> _HOW TO COMPLETE THIS TASK_: In the records below, the lines between the one holding "Craftsman 12 in Band Saw" and the one holding "Biba Women Black", inclusive, are to be transcribed exactly; no pictures are to be included.

> _MATERIAL FOR THIS EXERCISE_:
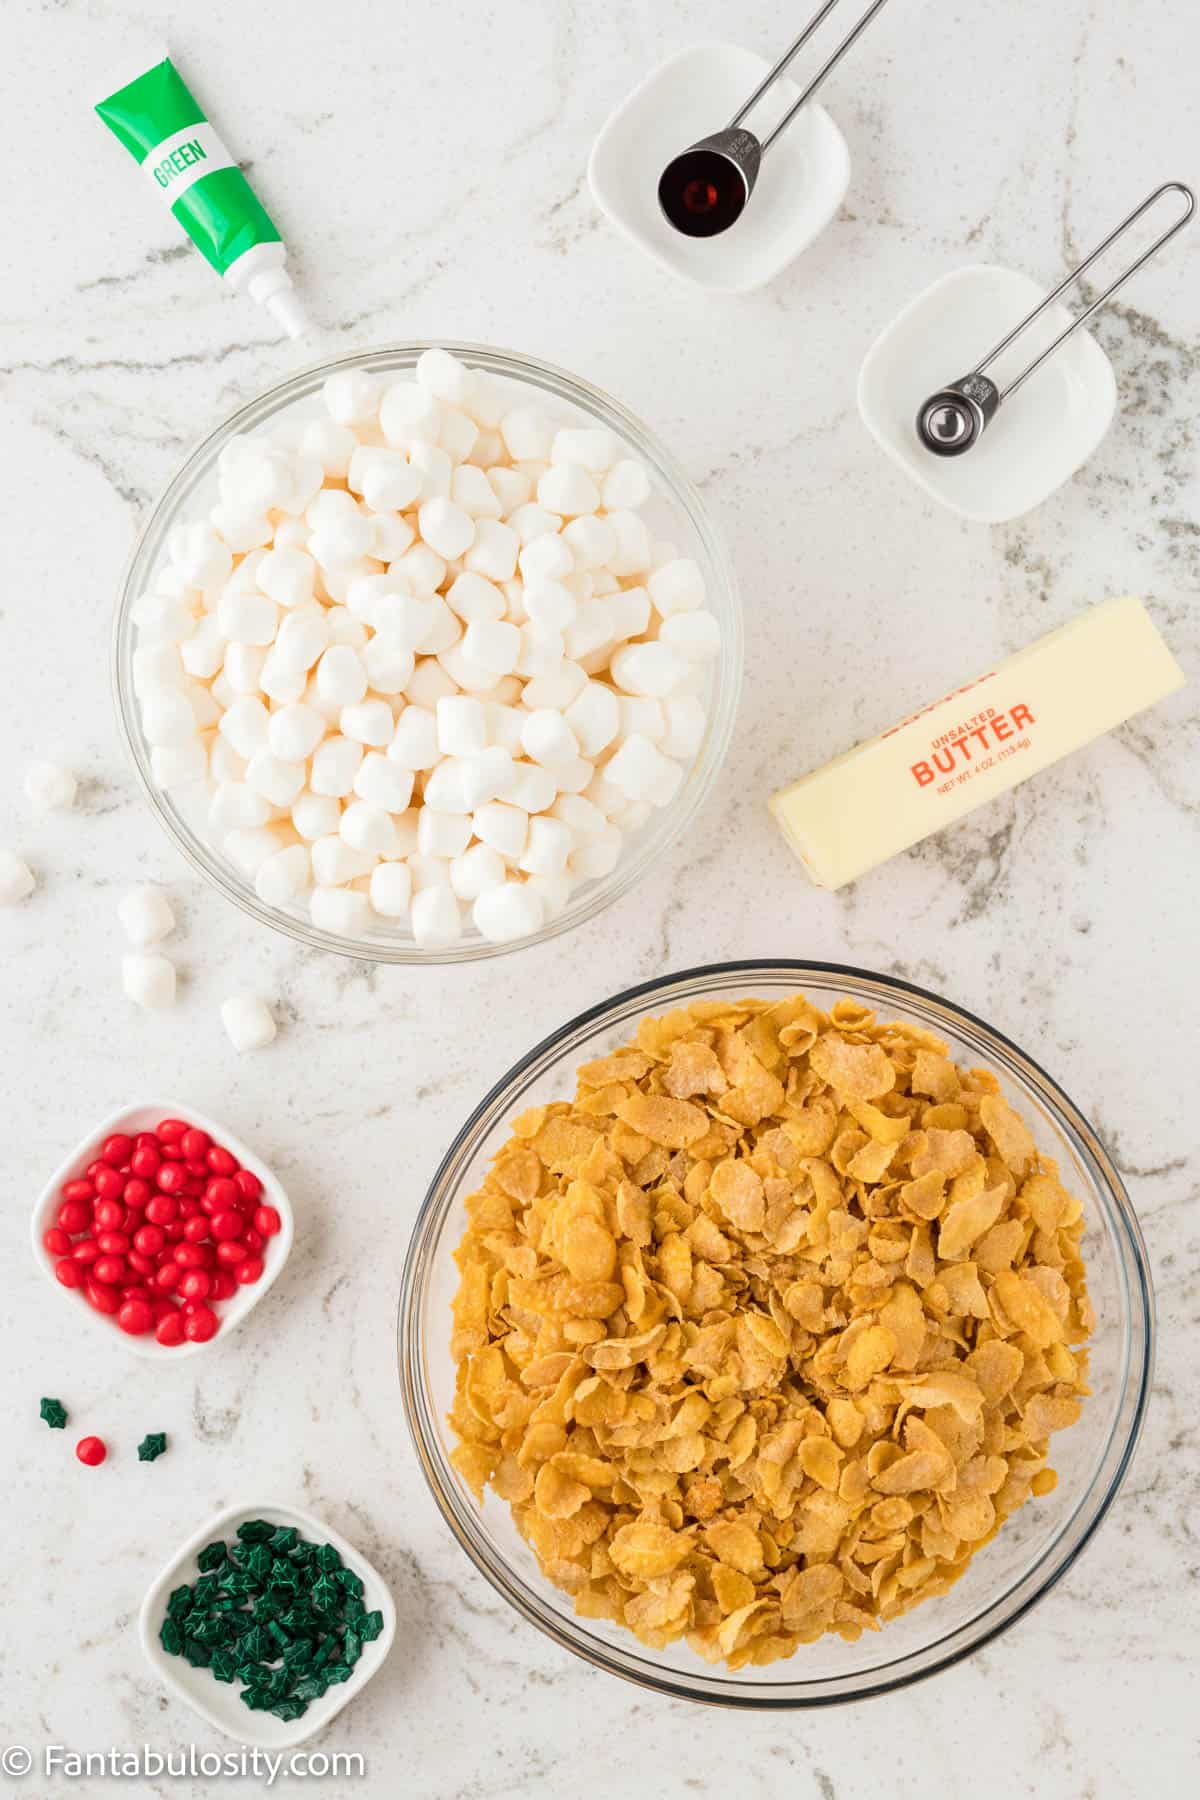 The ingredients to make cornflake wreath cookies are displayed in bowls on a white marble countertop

---

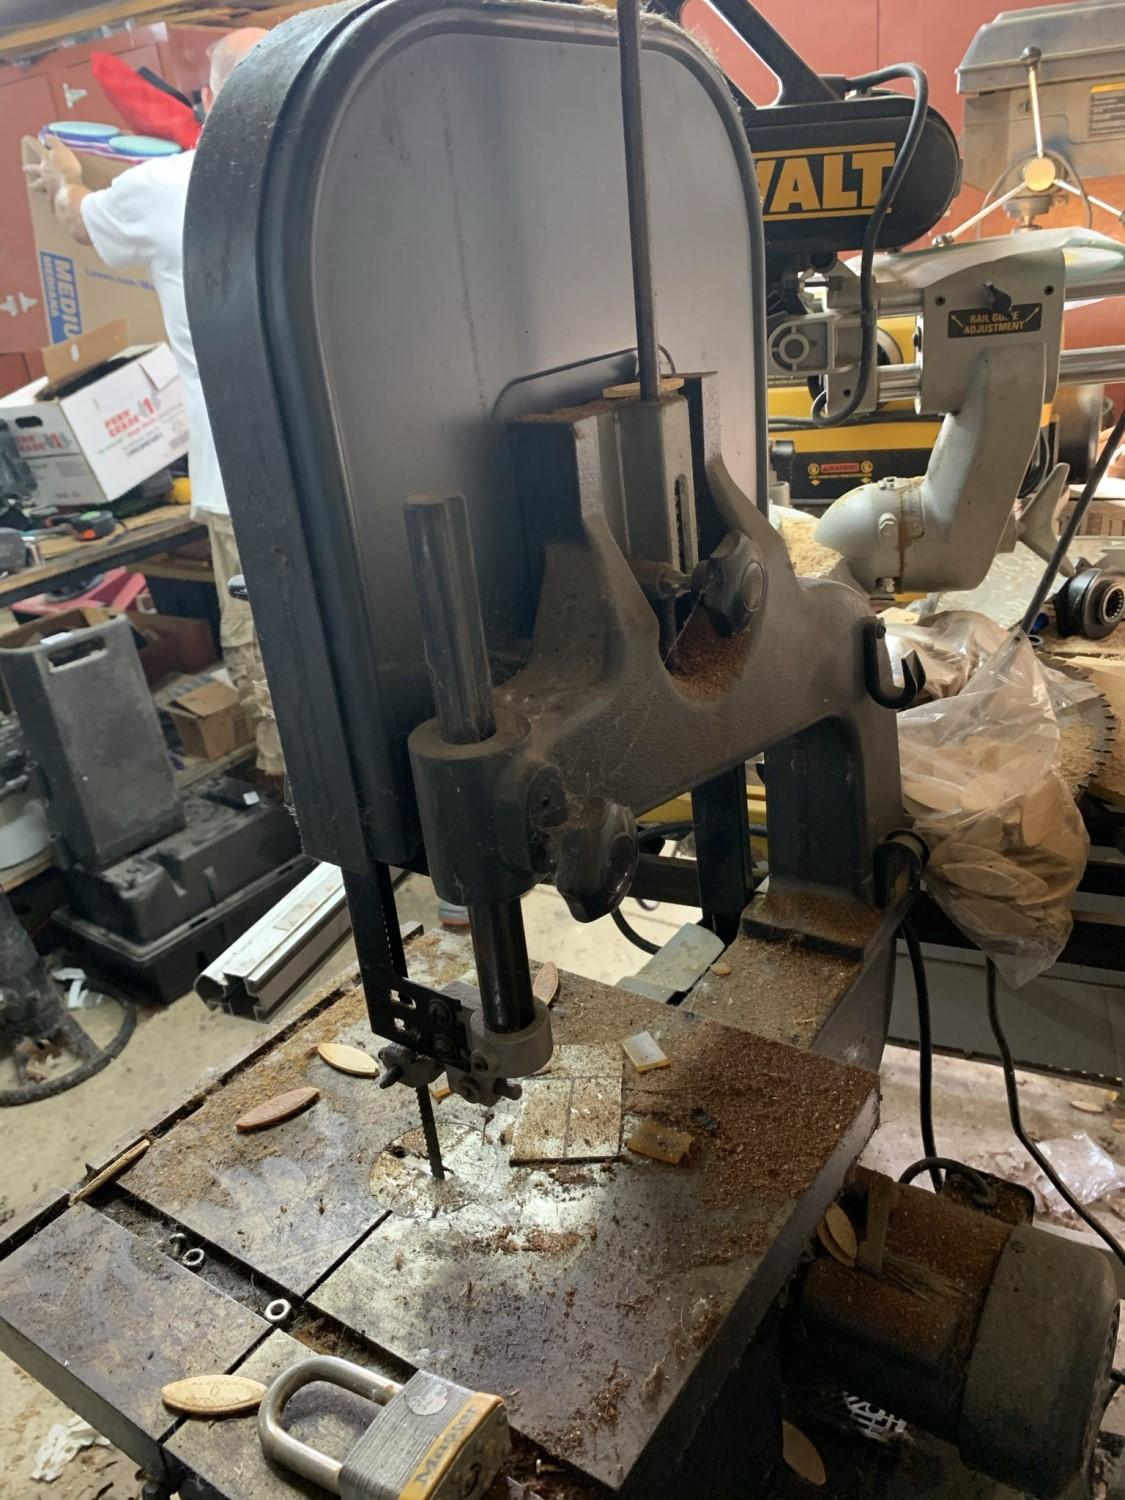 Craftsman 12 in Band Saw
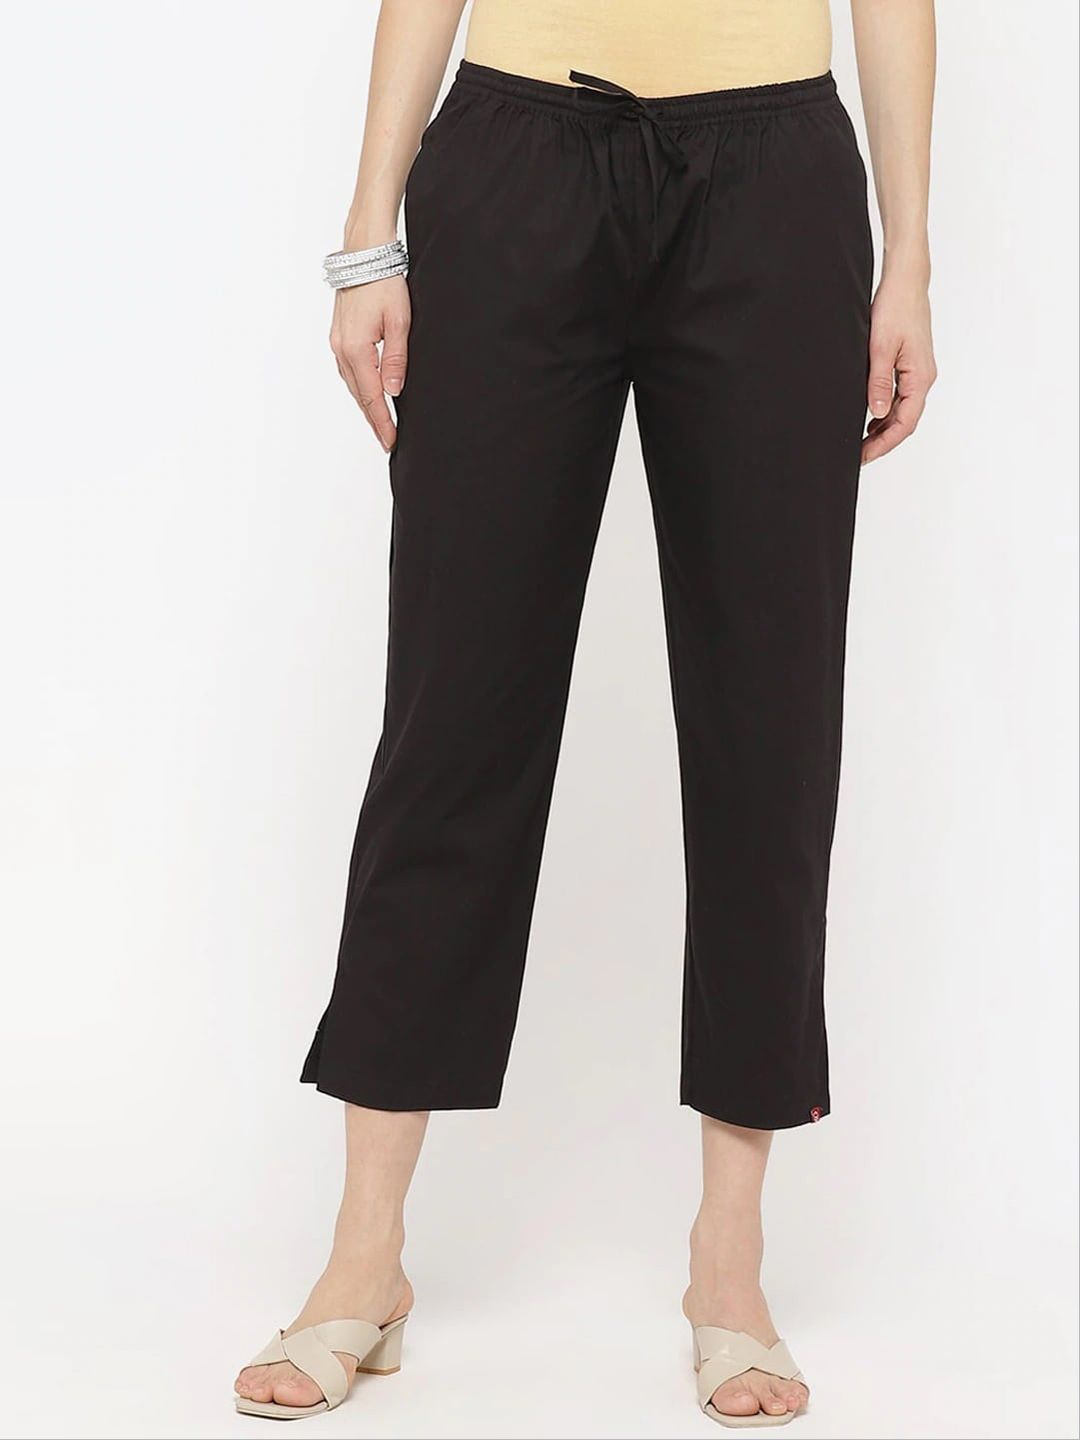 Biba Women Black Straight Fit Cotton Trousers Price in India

> _TASK SOLUTION_:
 Craftsman 12 in Band Saw
 Biba Women Black Straight Fit Cotton Trousers Price in India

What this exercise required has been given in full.